The accord fined the retailer $135,540 and contained a provision giving Wal-Mart 15 days notice before the labor department investigates any accusation, including child labor, minimum wage and overtime violations.

“It’s terrible they got the 15-day warning,” said Bruce Raynor, president of the UNITE HERE union. “That means before they get investigated they will be allowed to clean it up.”

Wal-Mart, the world’s largest retailer, has been attacked by critics who, among other things, charge that the company depresses wages and provides inadequate employee benefits. It is also the target of a class-action gender discrimination case and a scandal involving a subcontractor accused of using illegal immigrants on cleaning crews.

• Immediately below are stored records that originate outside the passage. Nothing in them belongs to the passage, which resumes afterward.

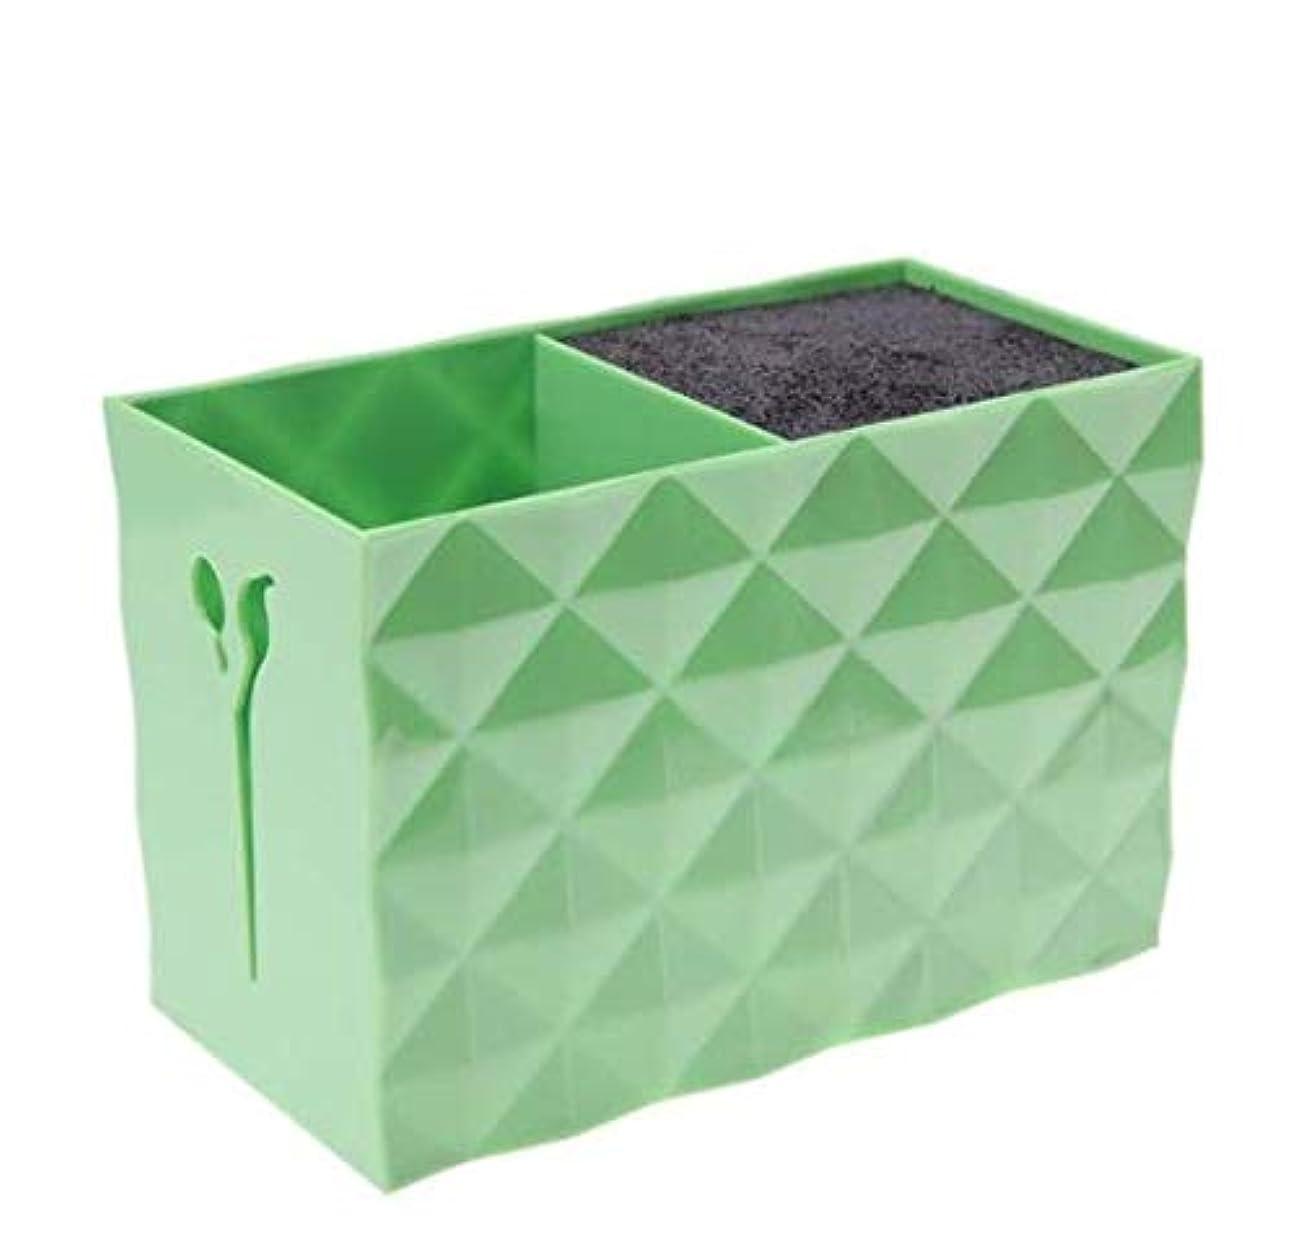 応答準備した野なLivemarket プロのアクセサリー非スリップソケット髪シザー櫛ポットスタンドケーススタイリングサロンヘアクリップ人気の収納ボックス (グリーン)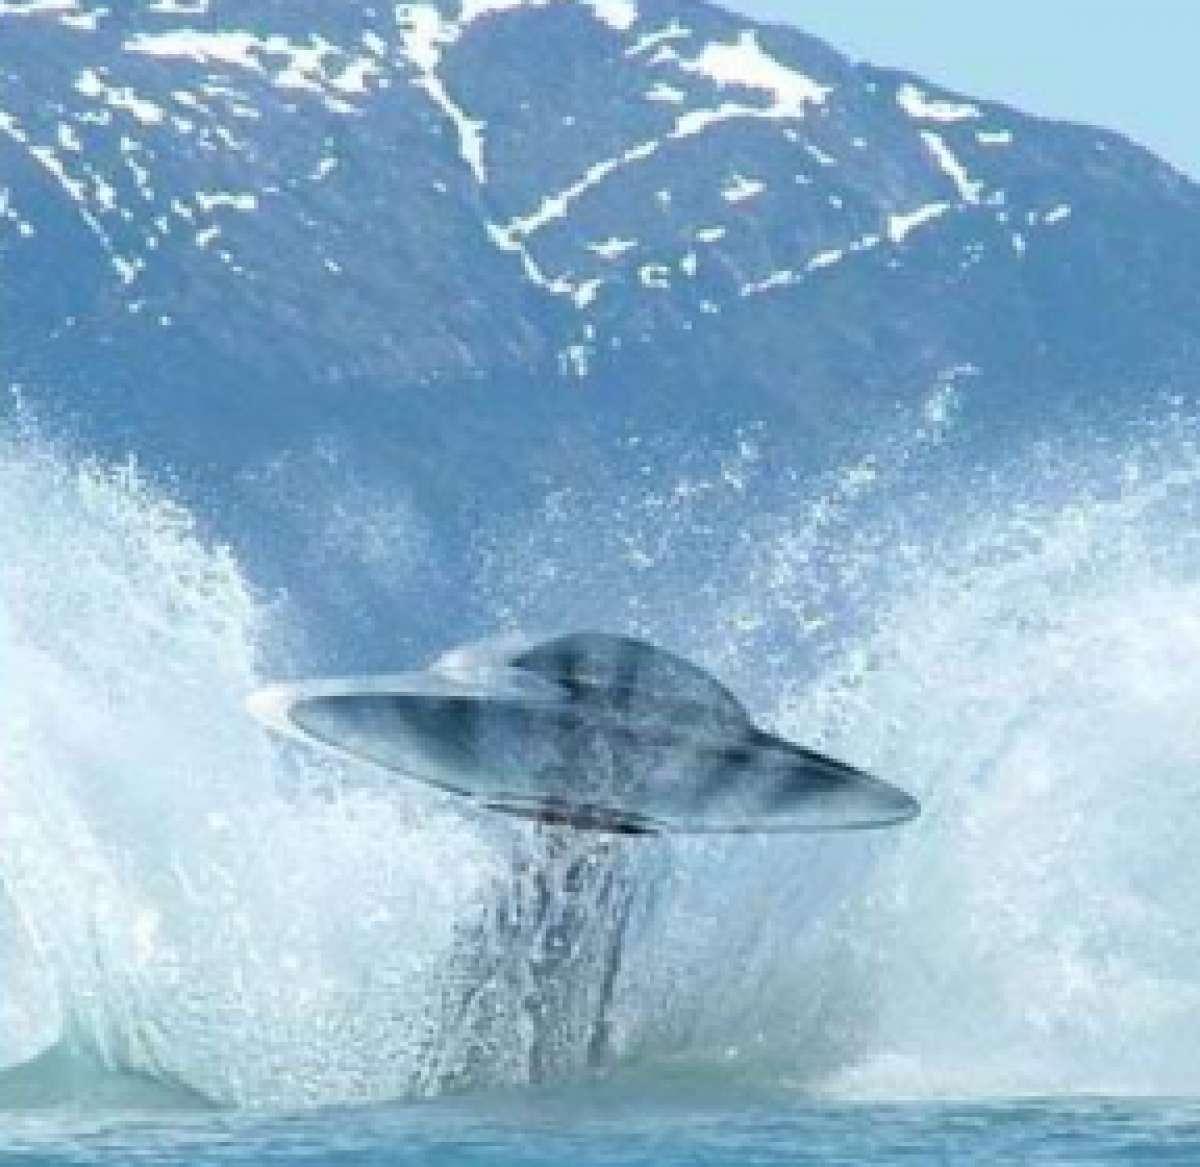 «Летающая тарелка» появилась в Японском море и покорила интернет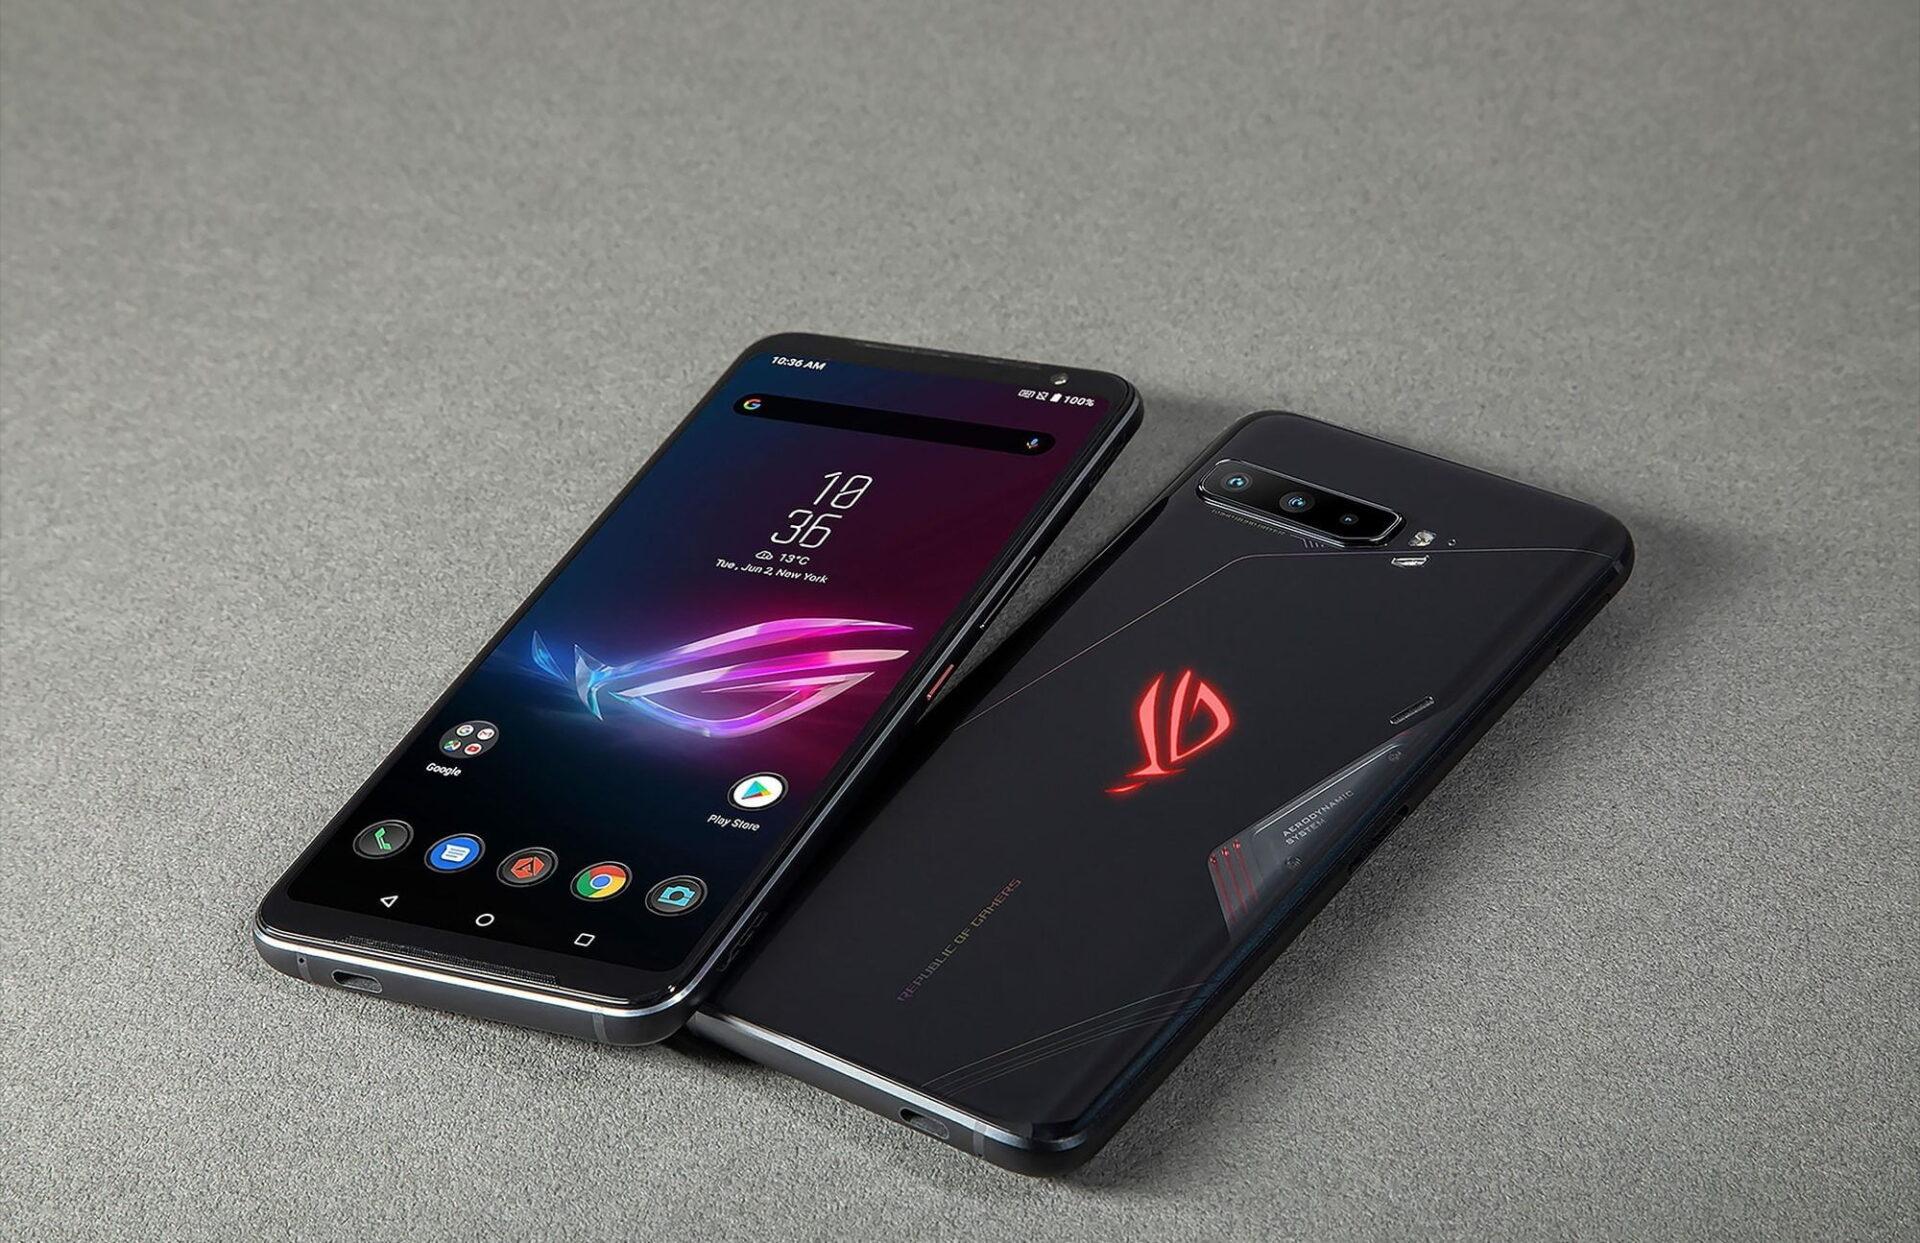 asus rog phone 3 launched, asus rog phone 3 price, asus rog phone 3 specs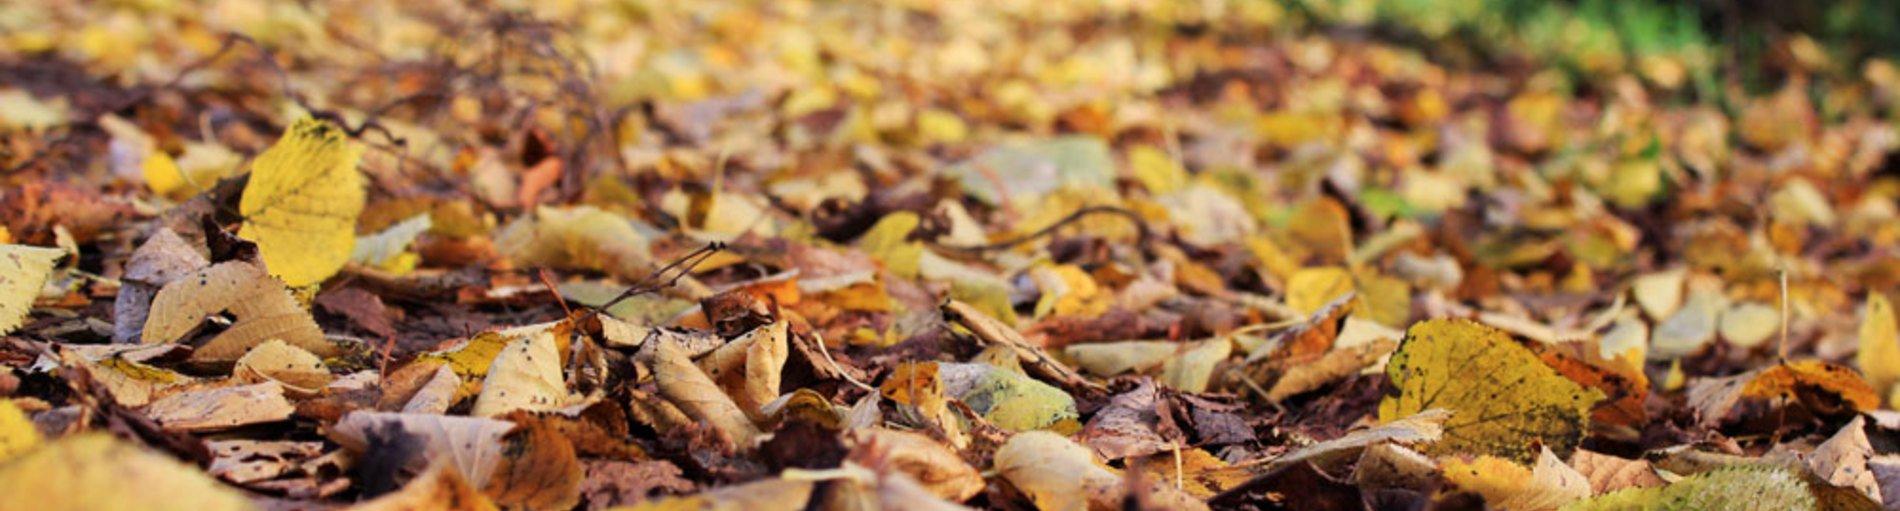 Ein brauner Blätterweg im Herbst.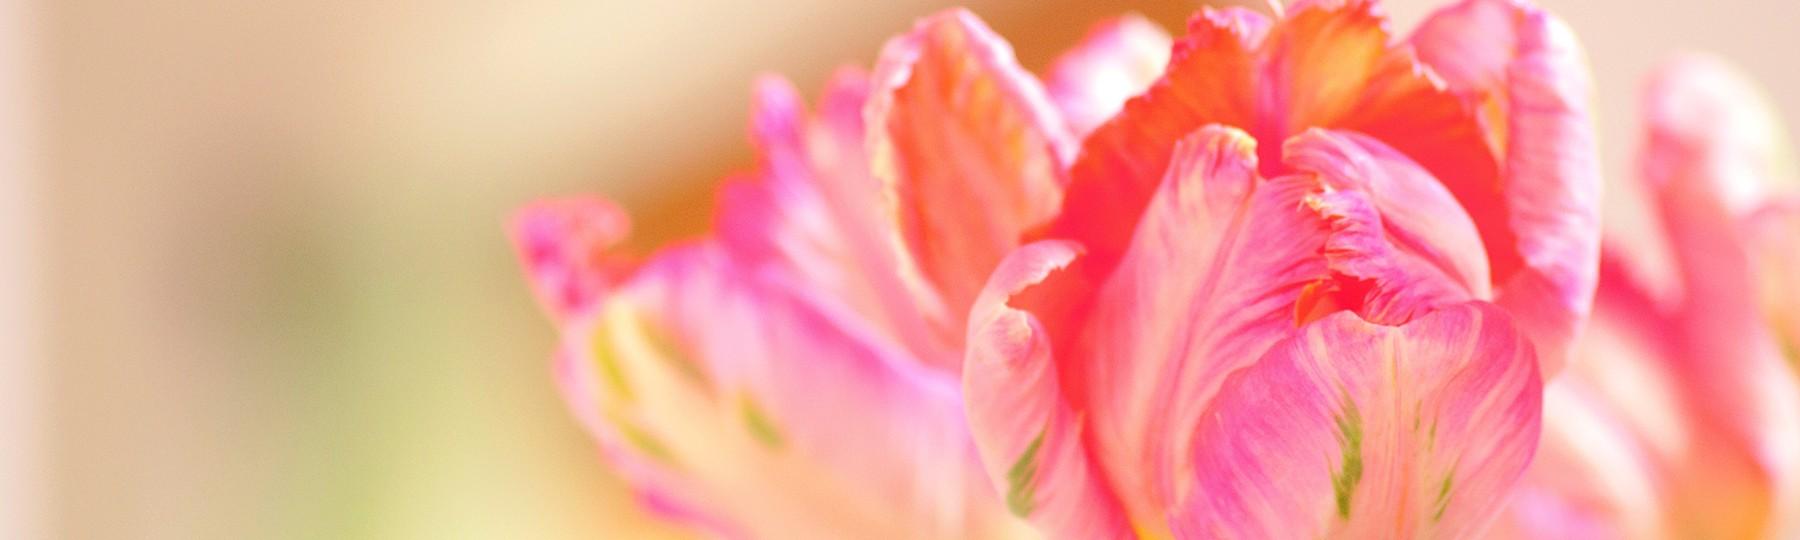 Blumen - Frauenarztpraxis Dr. Lyding

The retailer has embarked on a public relations campaign to refute the allegations.

“What we agreed to was to take a number of steps,” said a spokesman for Wal-Mart. “We didn’t admit any wrongdoing, but we did agree to strengthen our training and compliance programs to make sure we don’t have any violations that come up again.”

Robert Reich, who was secretary of labor under President Bill Clinton, said the penalty was small “given the extent of the violations” and characterized the 15-day notification provision as “odd.”

“Wal-Mart employs more people than the entire auto industry in the U.S.,” Reich said. “We’re not talking about the company down the street. Wal-Mart sets the standard and every other retailer in American competes directly or indirectly against Wal-Mart.’’

Rep. George Miller (D., Calif.), the senior Democrat on the House Education & Workforce Committee, called for the Labor Department’s Inspector General to investigate what he called a “sweetheart deal” between the Bush administration and “one of the nation’s most frequent violators of labor laws.”

Miller alleged that the agreement gives preferential treatment to a major Republican donor and said the 15-day warning could allow Wal-Mart to “cover up evidence of a violation.”